Araştırmada, yüz yüze zorbalığın siber zorbalığa kıyasla ruh sağlığı üzerinde daha yıkıcı sonuçlar doğurduğunu belirten Prof. Dr. Oğuz Polat, “Bulgular, geleneksel yani yüz yüze zorbalığın, siber zorbalığa göre ruh sağlığı üzerinde daha yıkıcı etkiler yarattığını ortaya koydu. Yüz yüze zorbalığın fiziksel yakınlık ve doğrudan etkileşim içermesi, mağdurların kendilerini daha savunmasız hissetmesine yol açıyor” diye konuştu.
Akran zorbalığı en çok hangi yaş grubunda yaşanıyor?
Prof. Dr. Polat akran zorbalığının en sık ilkokulun son dönemleri ile ortaokul yıllarında yani 9-14 yaş grubu arasında görüldüğüne dikkat çekerken, "Bu yaş aralığında çocuklar sosyal ilişkilerde daha aktif olmaya başlıyor, grup içi statü ve güç dengeleri ön plana çıkıyor. Lise döneminde ise özellikle çevrimiçi zorbalık biçiminde devam edebiliyor" diye anlattı.
Çevrimiçi zorbalık son 3 yılda yüzde 45 arttı
Peki sosyal medya ve oyunlar çocuklarda zorbalığı daha da artırıyor mu? Özellikle son dönemde ‘şiddete’ başvuran kişilerin toplumda daha popüler olduğunu görüyoruz.
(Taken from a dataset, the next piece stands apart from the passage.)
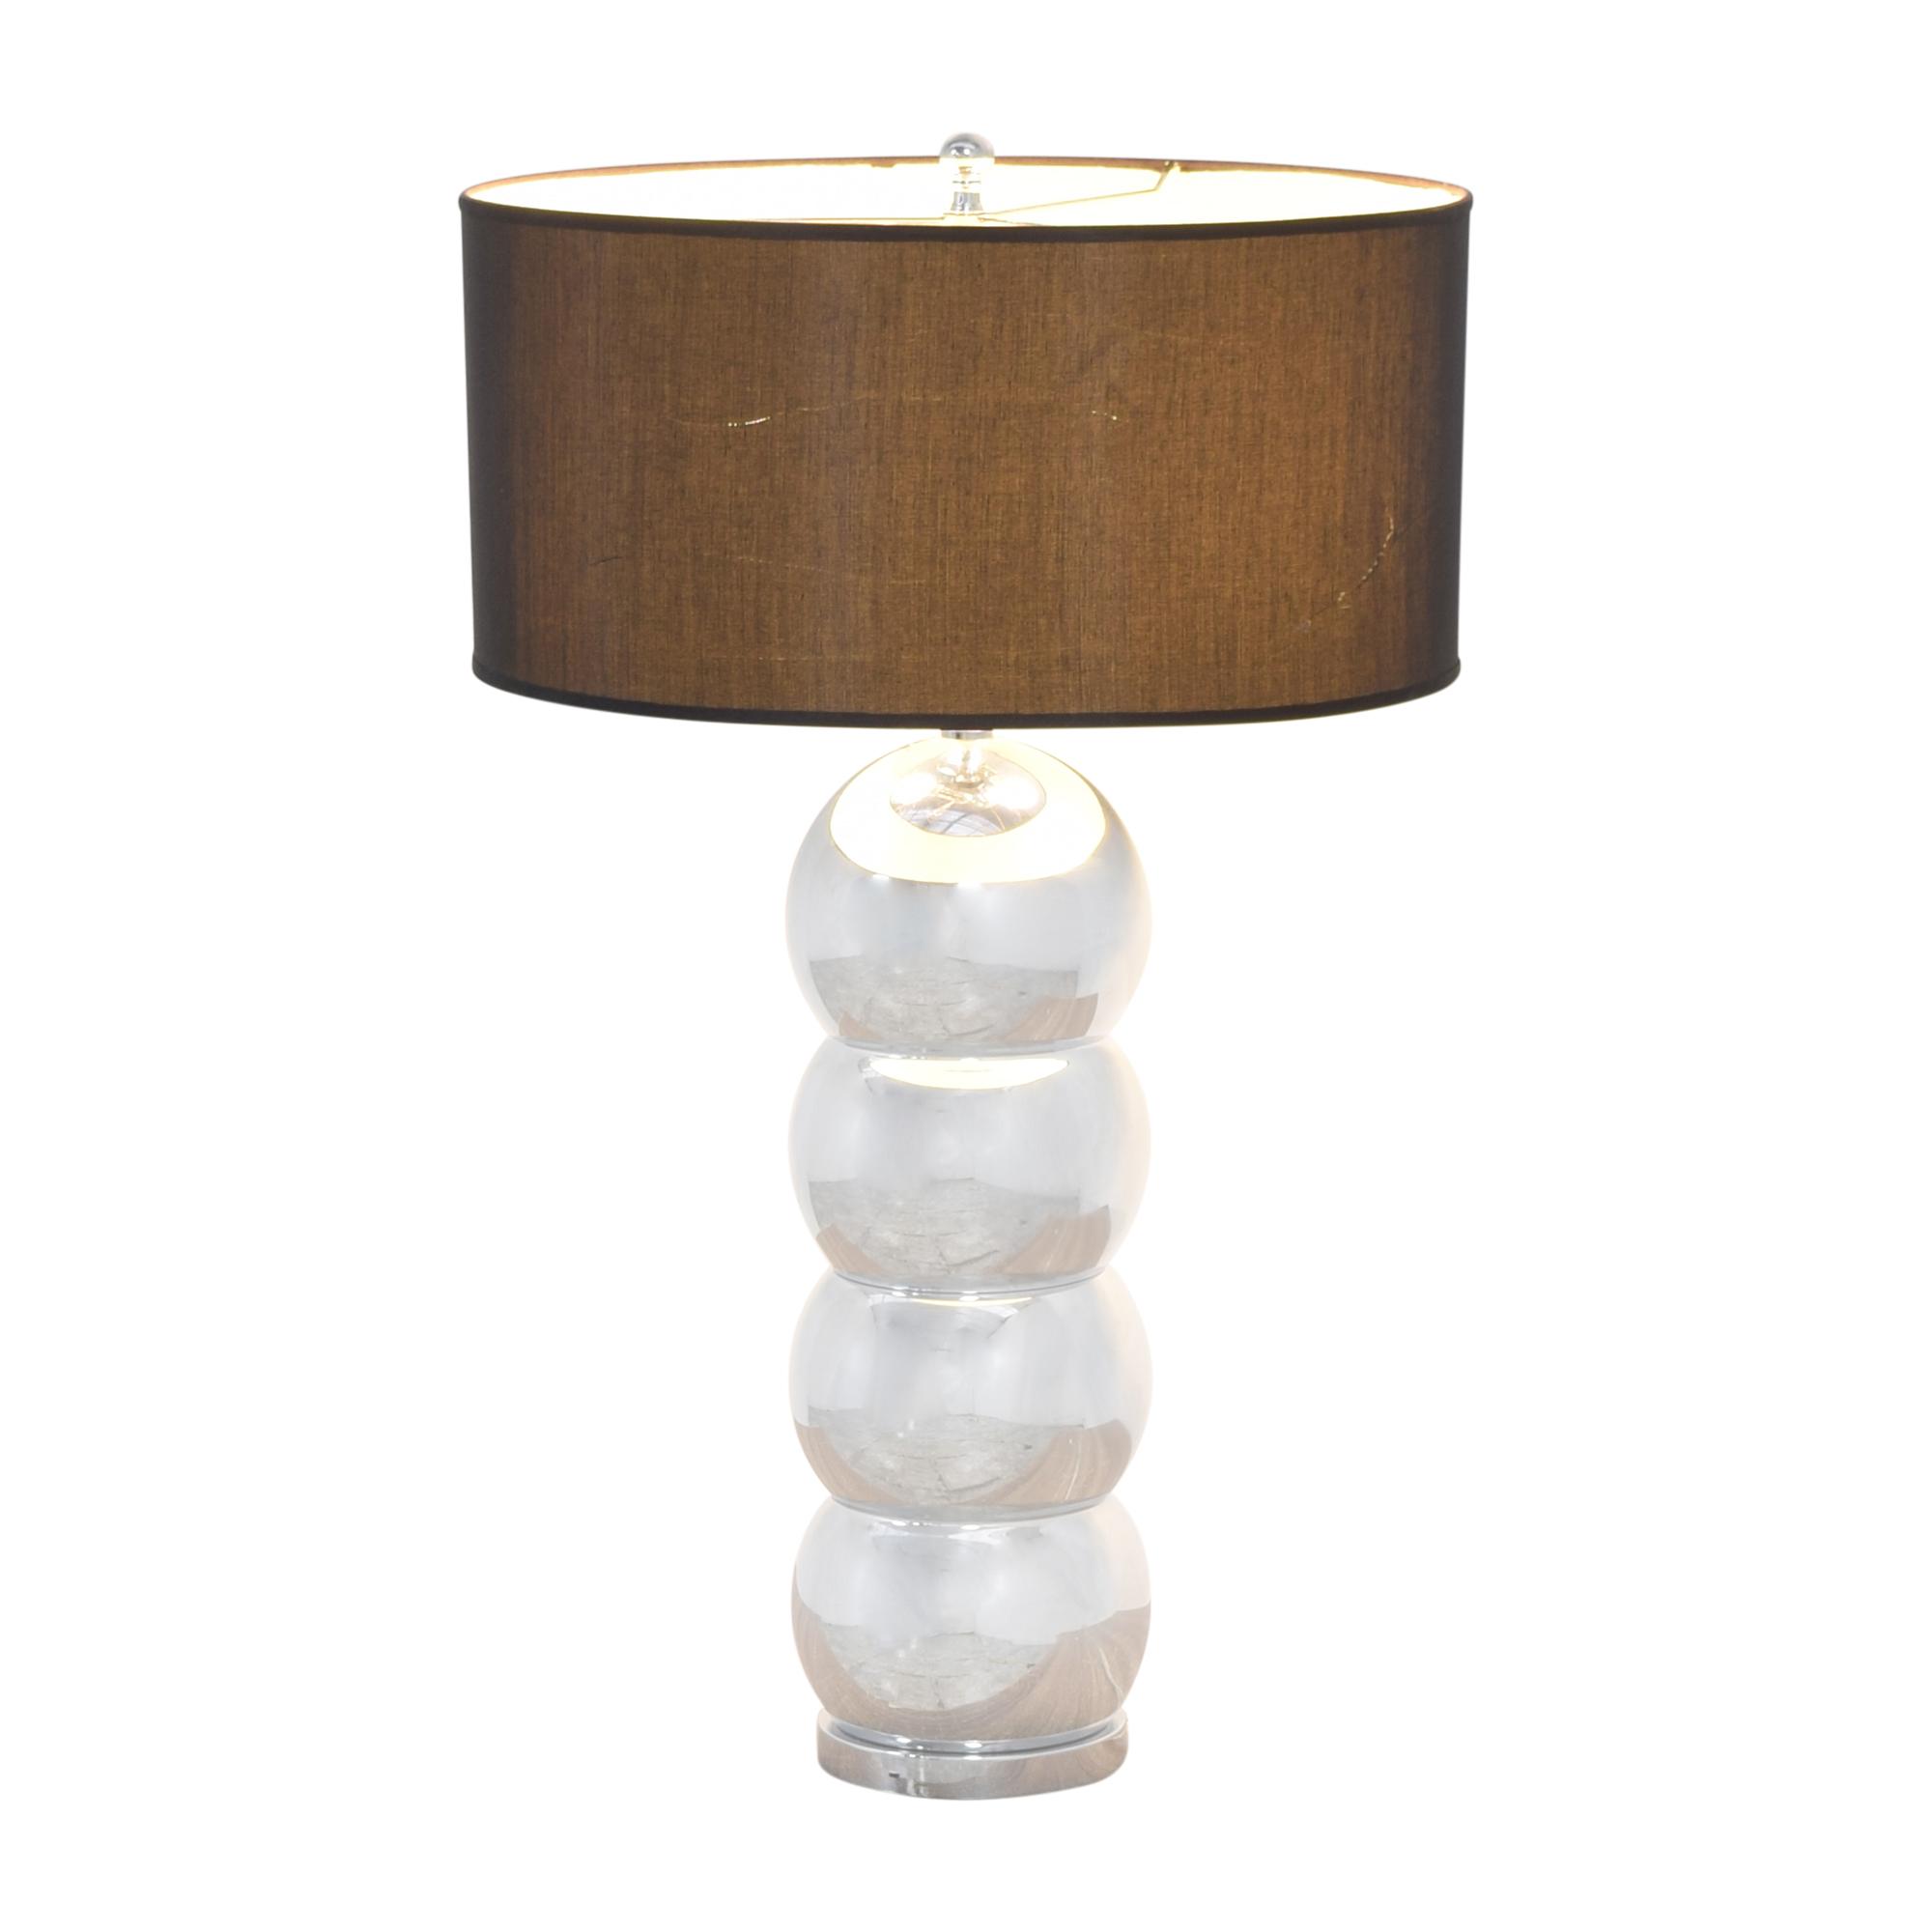 buy George Kovacs Stacked Ball Table Lamp George Kovacs Decor

Bu da çocuklar arasında zorbalığı tetikleyen bir durum mu?
Prof. Dr. Polat buna 'evet' yanıtını verirken sözlerini şöyle sürdürdü: “İmdat.org verilerine göre çevrimiçi zorbalık son 3 yılda yüzde 45 oranında artış gösterdi. Sosyal medya, çocuklar için hem kimlik hem güç alanı haline geldiği için, “beğeni” veya “takipçi” kazanmak uğruna aşağılayıcı davranışlar yaygınlaşabiliyor. Şiddetin medya ve dijital platformlarda “güç göstergesi” olarak sunulması da çocuklarda bu davranışların meşru görülmesine neden olabiliyor.”
Zorbalığı önlemek için ne yapmak gerekiyor?
Zorbalığın önlenmesi için 'zorbalığa karşı açık bir politika belirlenmesi' gerektiğinin altını çizen Prof. Dr. Polat, "Öğretmenlerin farkındalık eğitimleri alması ve çocuklara güvenli paylaşım alanları sunulması önemli. Aileler ise çocuklarının duygusal değişimlerini gözlemlemeli, “neden” yerine “nasıl hissediyorsun?” gibi empatik iletişim kurmalıdır. Düzenli veli-öğretmen iletişimi ve rehberlik desteği de zorbalığın önlenmesinde kritik rol oynar. Zorbalığa maruz kalan çocuklarda anksiyete, depresyon, okuldan uzaklaşmave özgüven kaybı sık görülür. Uzun vadede sosyal ilişkilerden kaçınma, öfke sorunları ve hatta intihar düşüncelerine varan sonuçlar oluşabiliyor. Toplumsal ölçekte ise empati yoksunluğu ve şiddetin normalleşmesi gibi ciddi etkiler gözleniyor." diye konuştu.